Despite its arch-rival, Colonial, outpacing the market by 6per cent since January, NatMut has disappointed, underperforming the benchmark All Ordinaries and All Industrial indices by 18 per cent.
``The stock is poison, even at these levels; institutional investors don't want to touch it," one trader said of NatMut.
On valuation grounds, NatMut is trading at a discount to its $2.60 appraisal value while both AMP and Colonial are trading at significant premiums.
``NatMut's trading at a huge discount to the market, but it probably deserves to be there. Operationally there's no new revenue growth coming through, and while Asia is looking good, there's no obvious reason to buy the stock," one analyst said.
Some analysts attribute the market indifference to strategic paralysis under NatMut's new managing director, Mr Tony Killen.
``The company is pumping out the same products through the same distribution network that they did three years ago," one analyst said.

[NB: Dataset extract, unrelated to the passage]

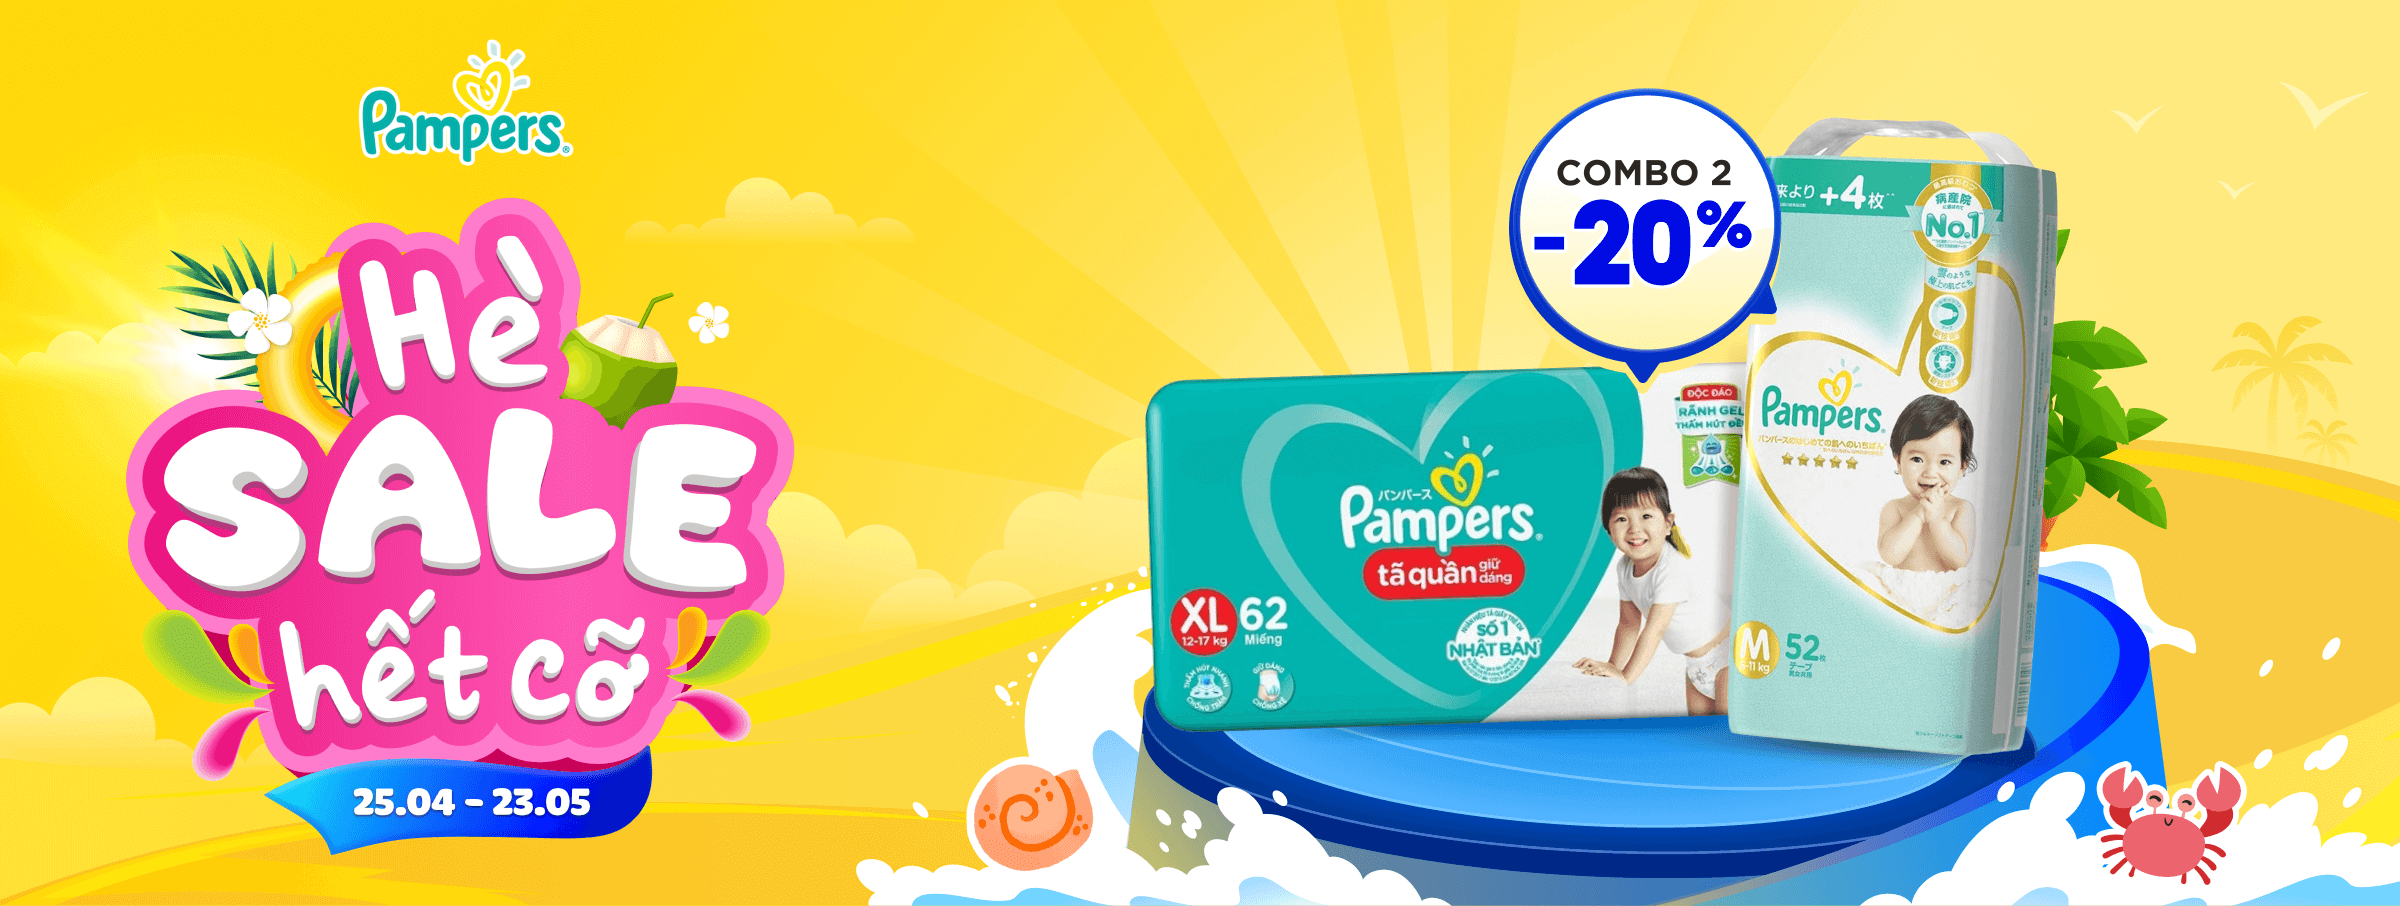 Pampers T05 - CATE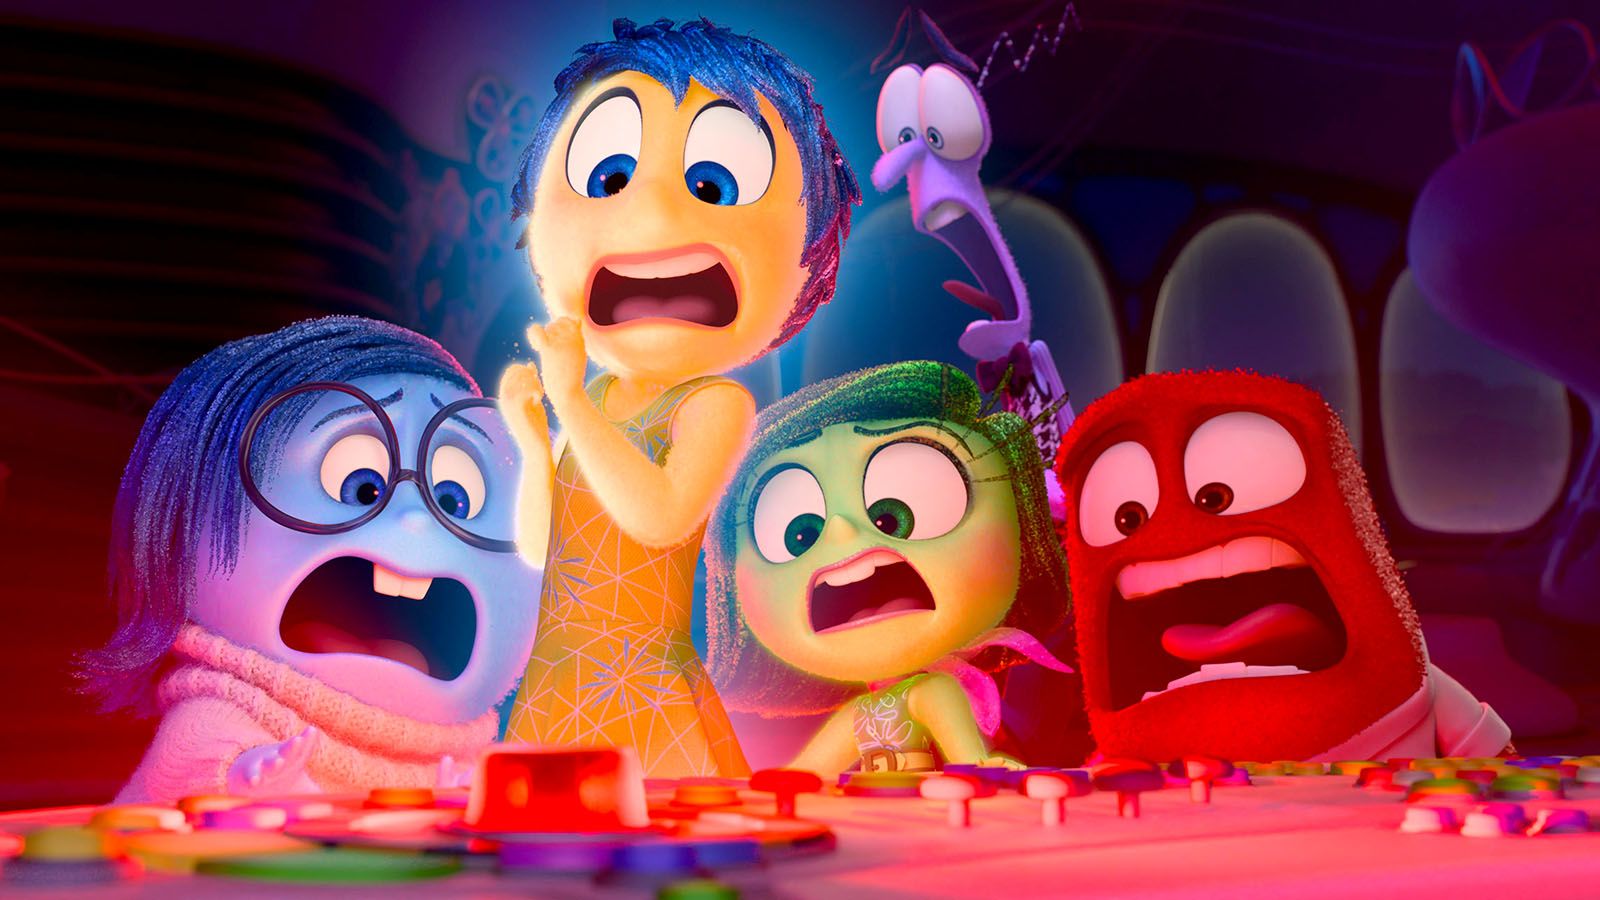 The original emotions from Inside Out are joined by some new ones in Inside Out 2.

``If they came up with an Australian plan - namely acquire BT Funds Management - the stock would re-rate very quickly," he added.
Axa, NatMut's French parent, is rumored to have flown over a mergers and acquisition team and NatMut has acknowledged it is looking at BT. But, even with price targets hovering between $2.90 and $3.10, NatMut will need to produce a strong interim result next month to avoid a further slump.
With the market predicting a result between $150million and $175million, analysts expect a big turnaround from the Asian business, further cost cutting in Australia and some signs of revenue growth.